======== Dataset content
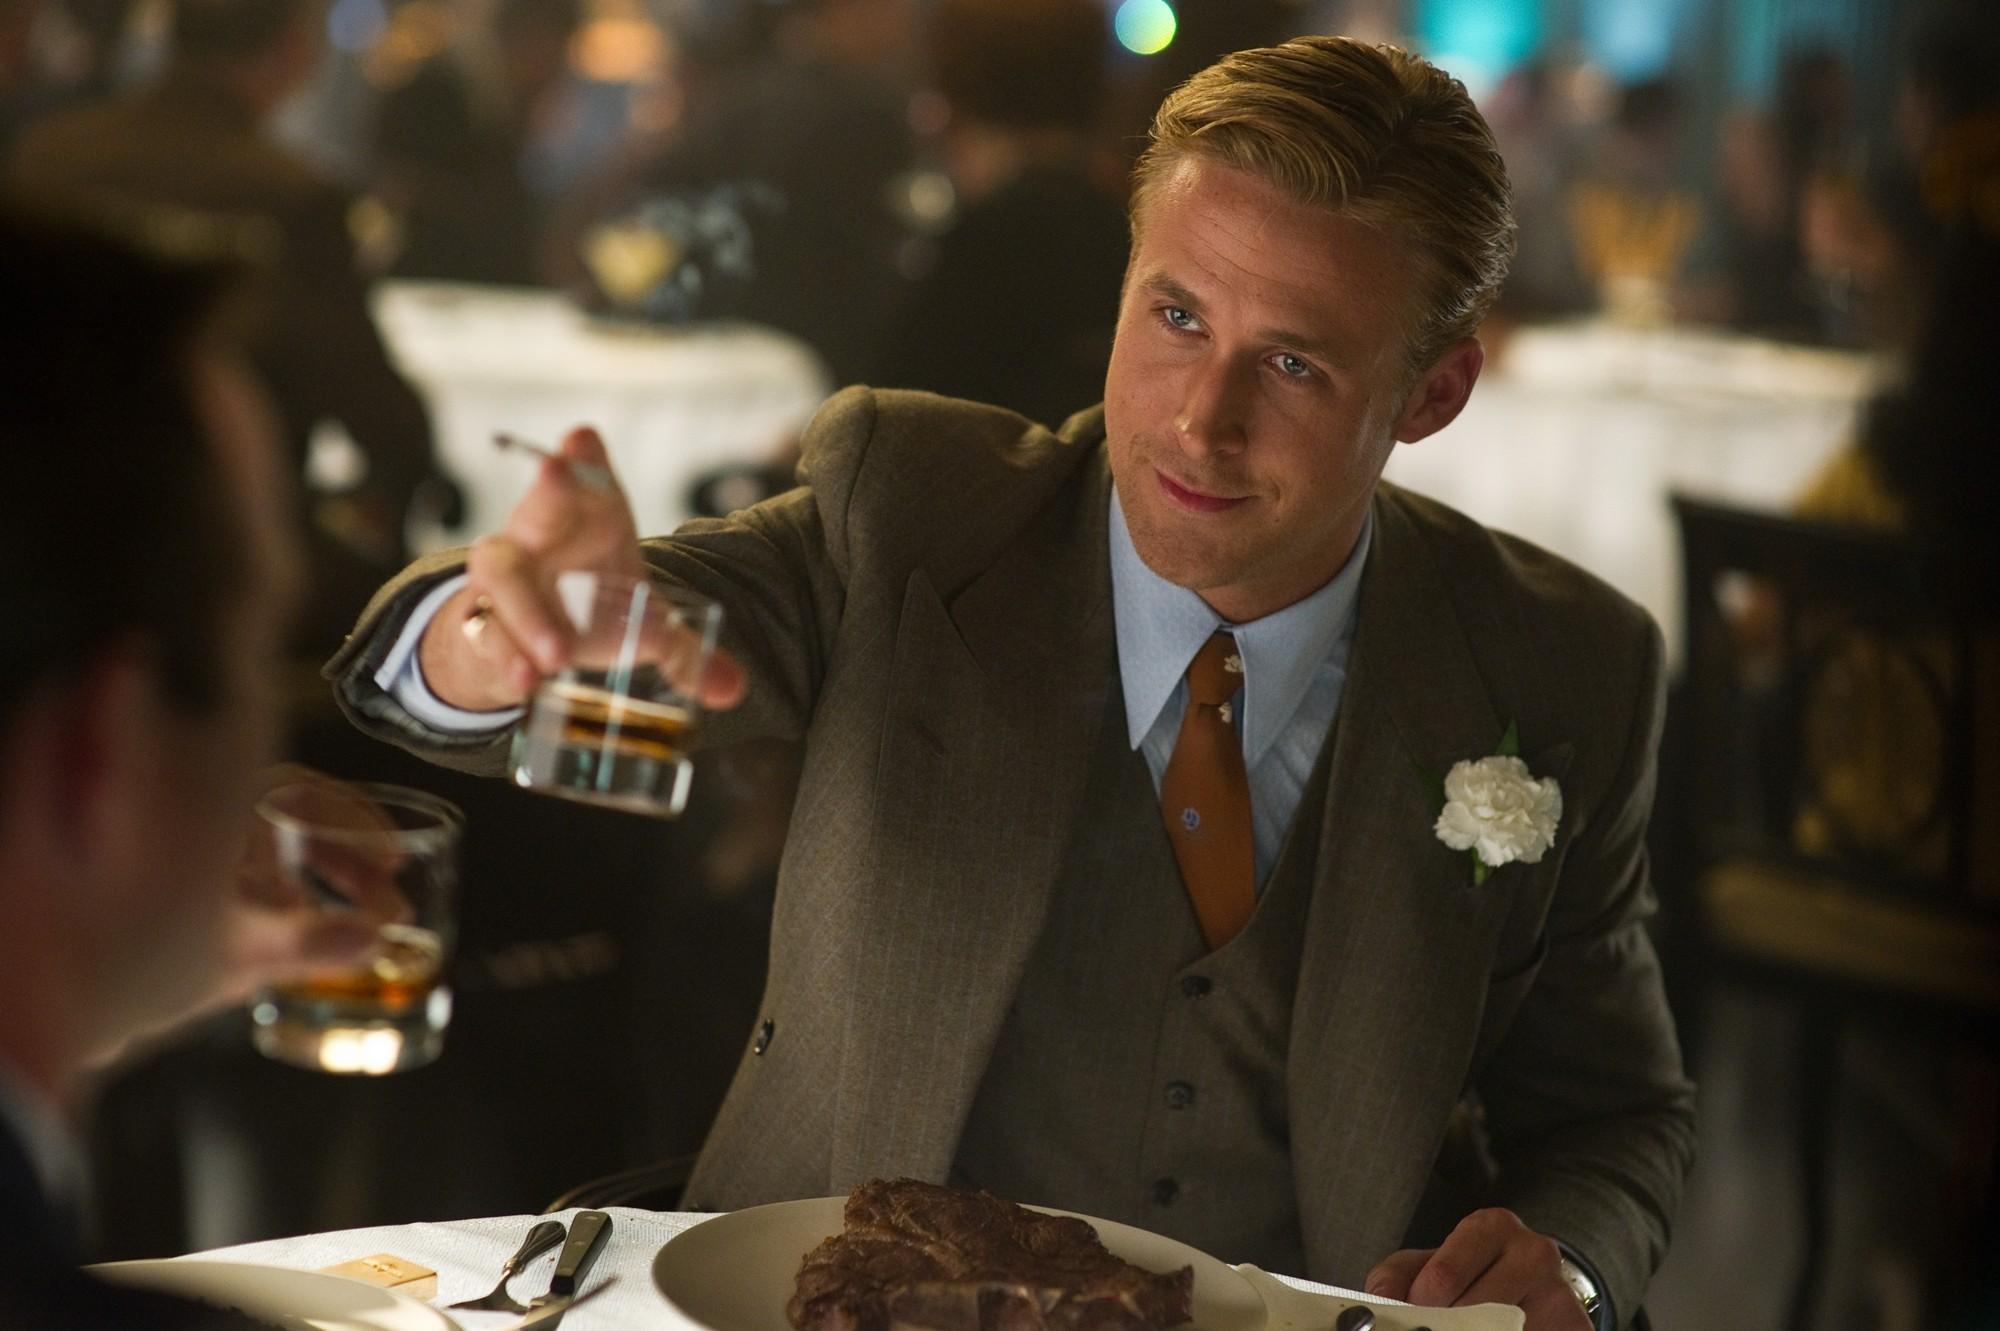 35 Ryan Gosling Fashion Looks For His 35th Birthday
================
======== Dataset content
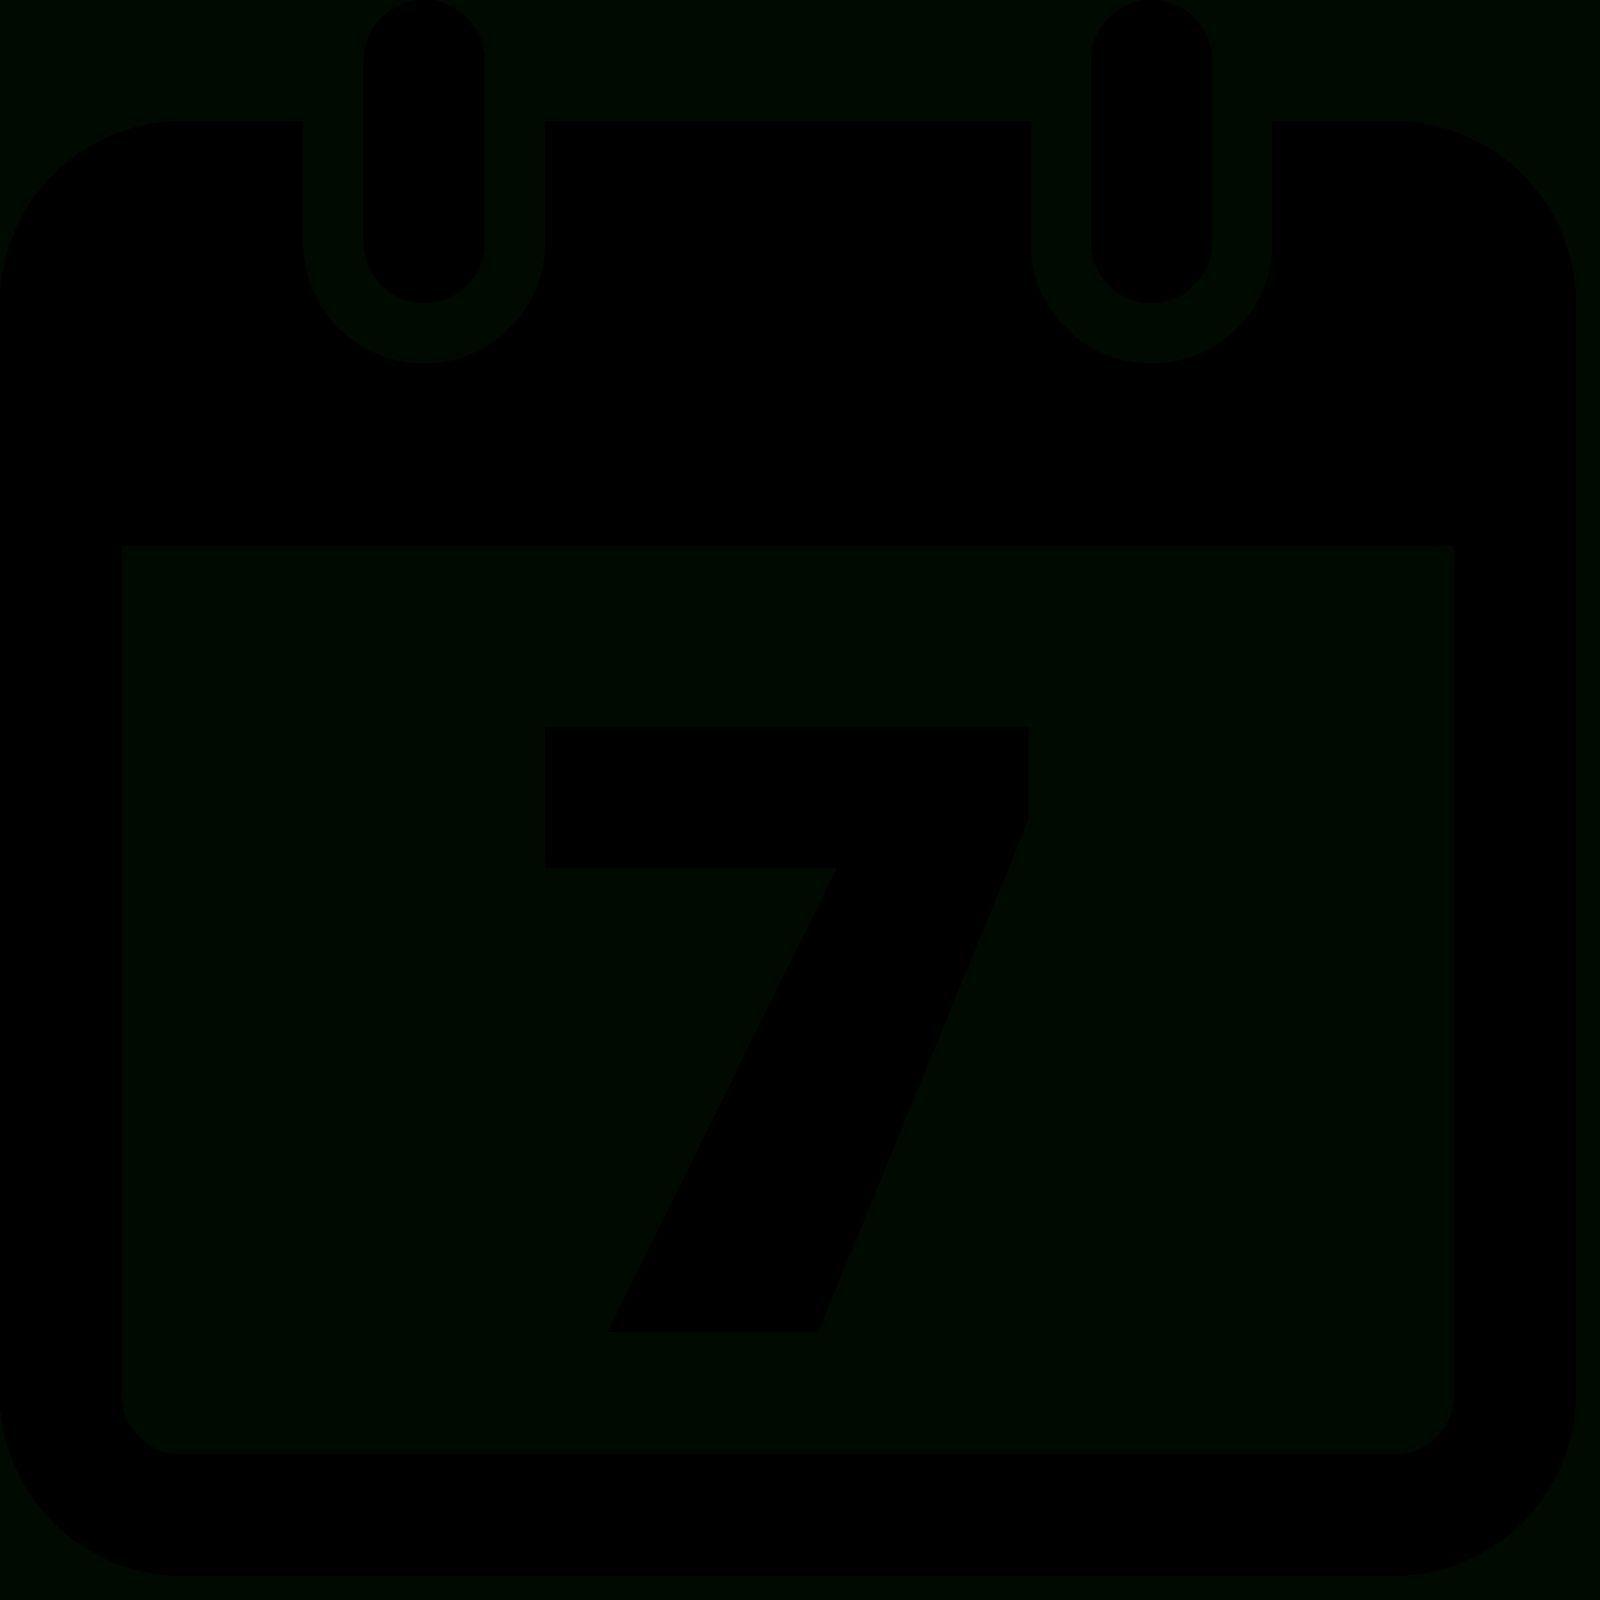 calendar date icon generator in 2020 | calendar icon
================
======== Dataset content
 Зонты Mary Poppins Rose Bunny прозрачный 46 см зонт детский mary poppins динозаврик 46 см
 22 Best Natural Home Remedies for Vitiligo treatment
================
▶ [Exercise aim]
Please give back exactly the lines of the listing above that run from the one containing "Зонты Mary Poppins" through the one containing "22 Best Natural", and only those.

▶ [Result of the exercise]
 Зонты Mary Poppins Rose Bunny прозрачный 46 см зонт детский mary poppins динозаврик 46 см
 22 Best Natural Home Remedies for Vitiligo treatment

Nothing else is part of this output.